→ **DATA**
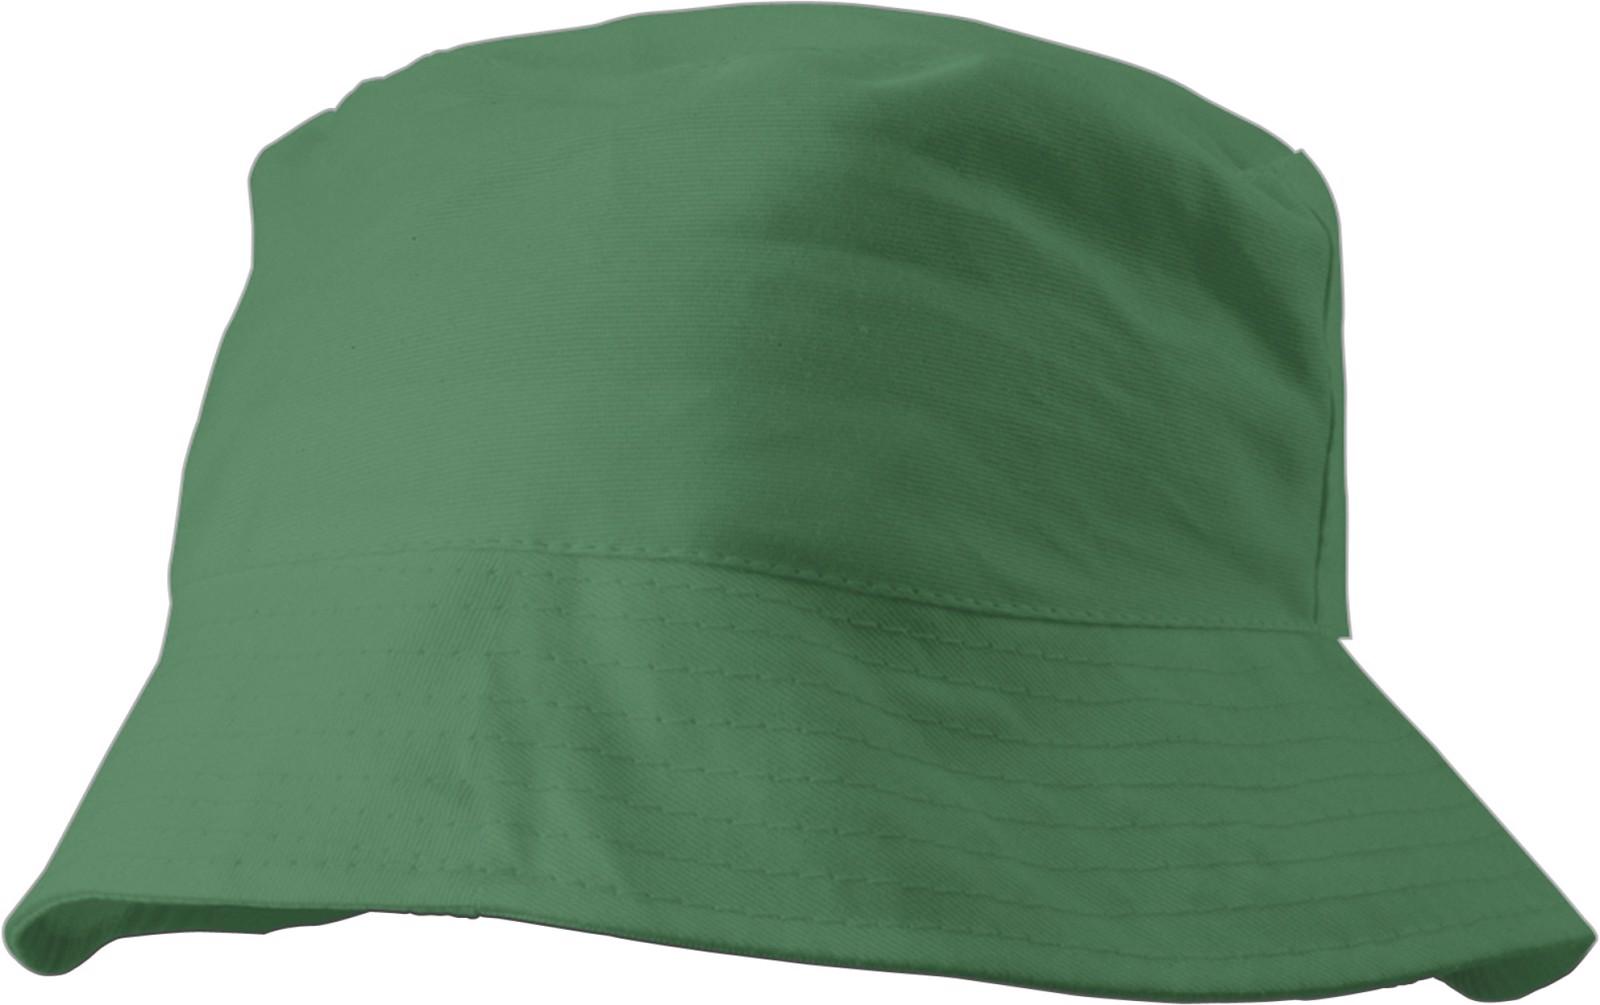 Cotton sun hat - Green
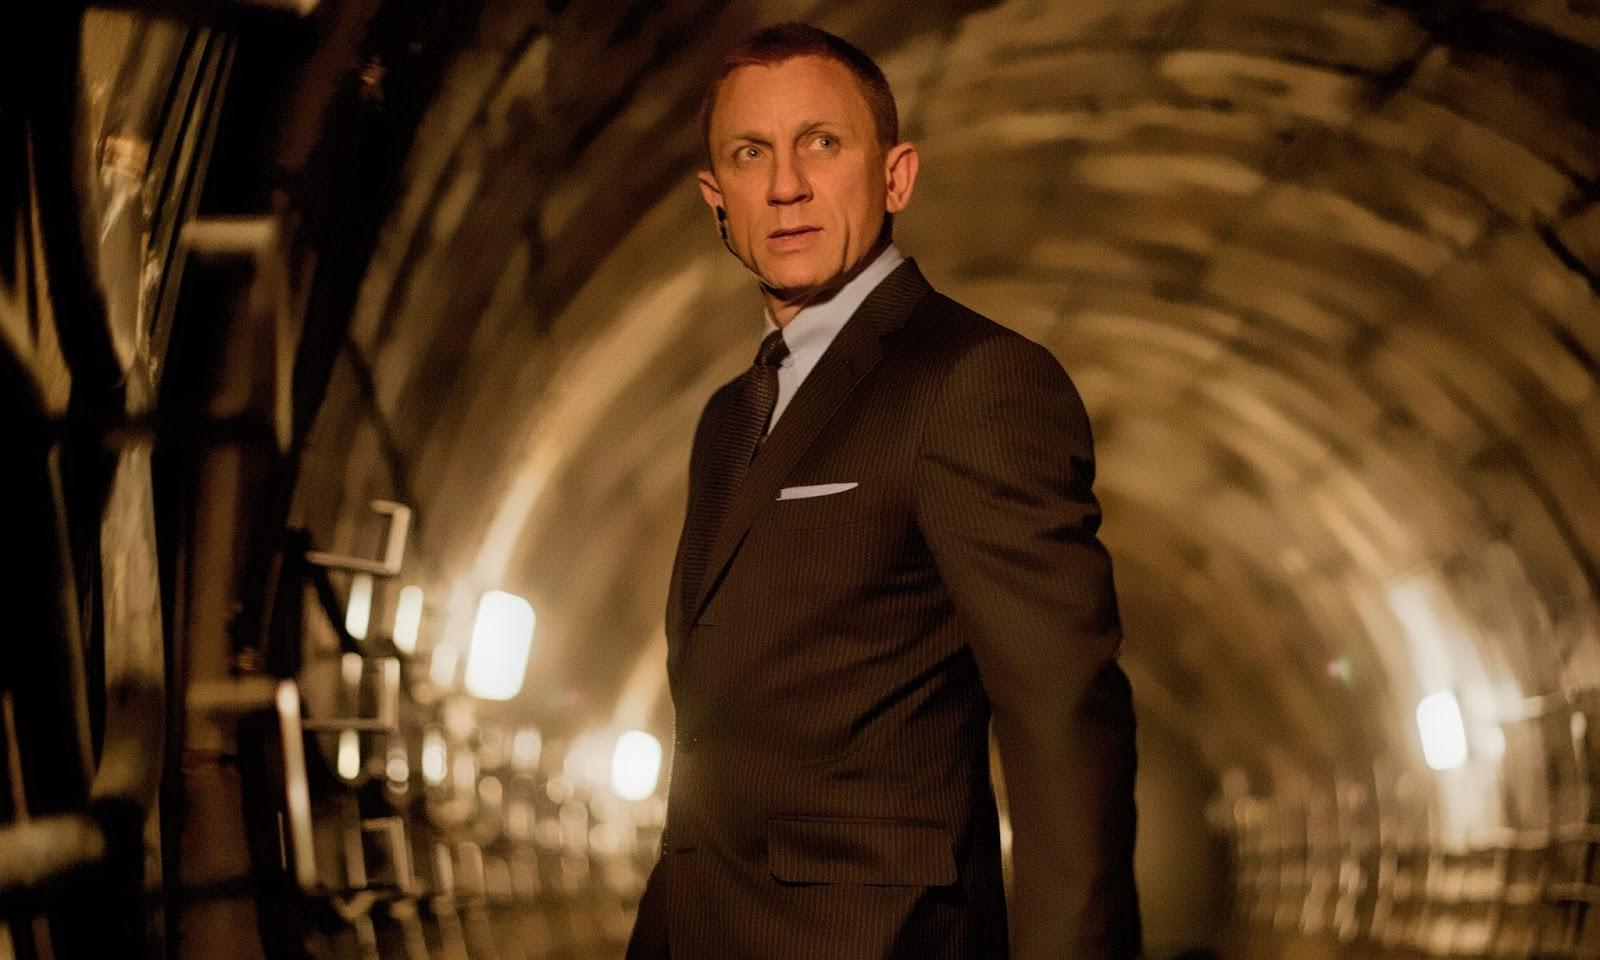 James Bond Spectre Streaming
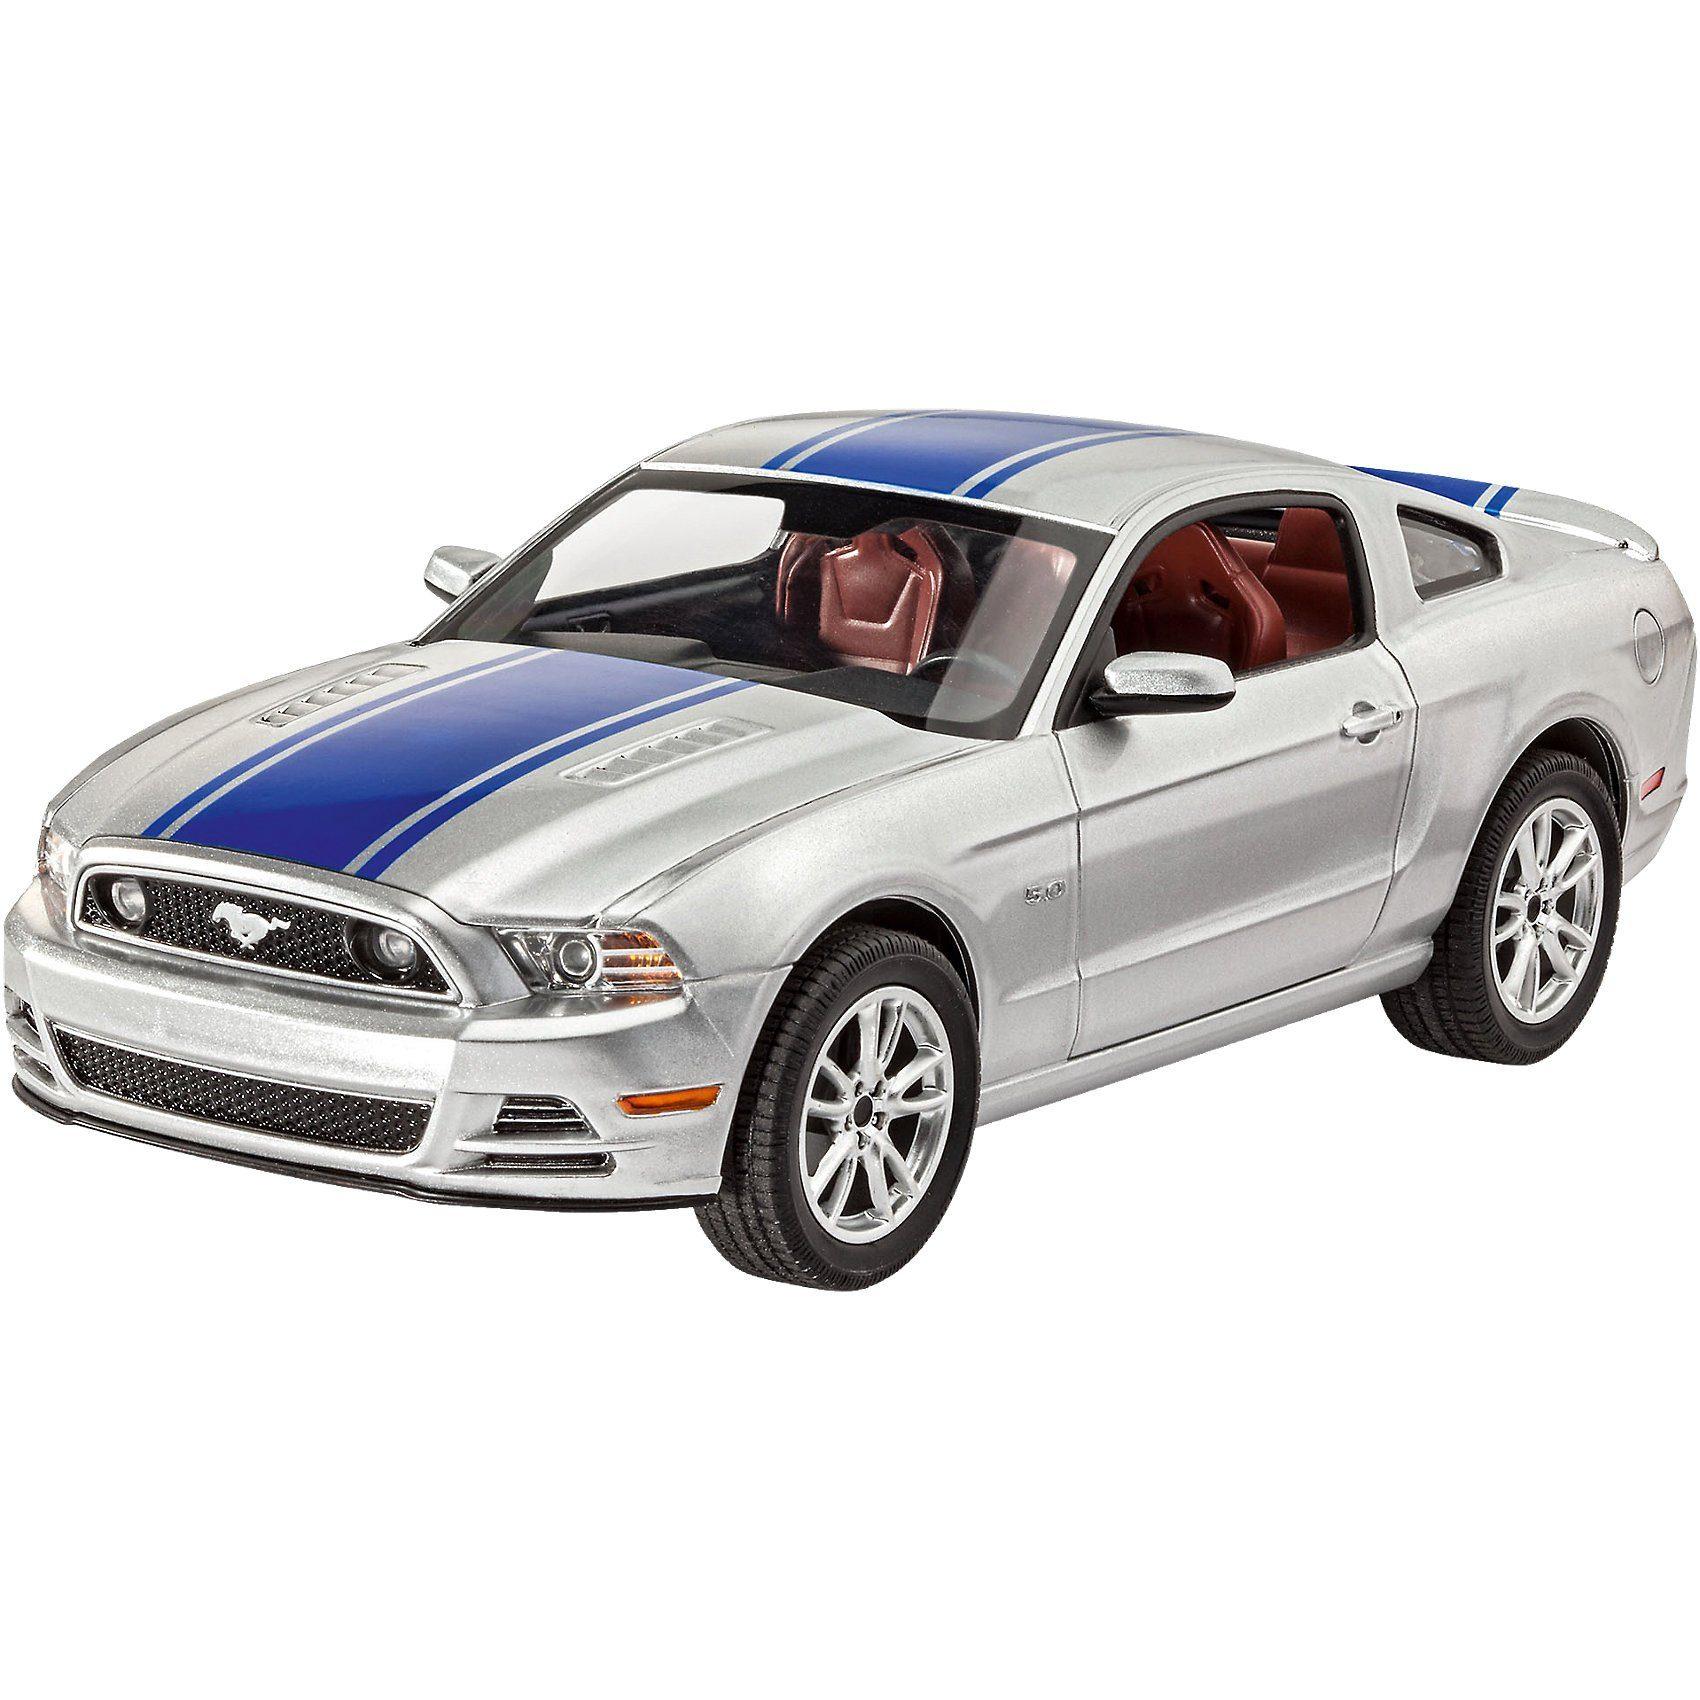 Revell Modellbausatz - 2014 Ford Mustang GT

→ **TASK INSTRUCTIONS**
Could the data above be returned in full, exactly, with every image left out?

→ **RESULT FOR THIS TASK**
 Cotton sun hat - Green
 James Bond Spectre Streaming
 Revell Modellbausatz - 2014 Ford Mustang GT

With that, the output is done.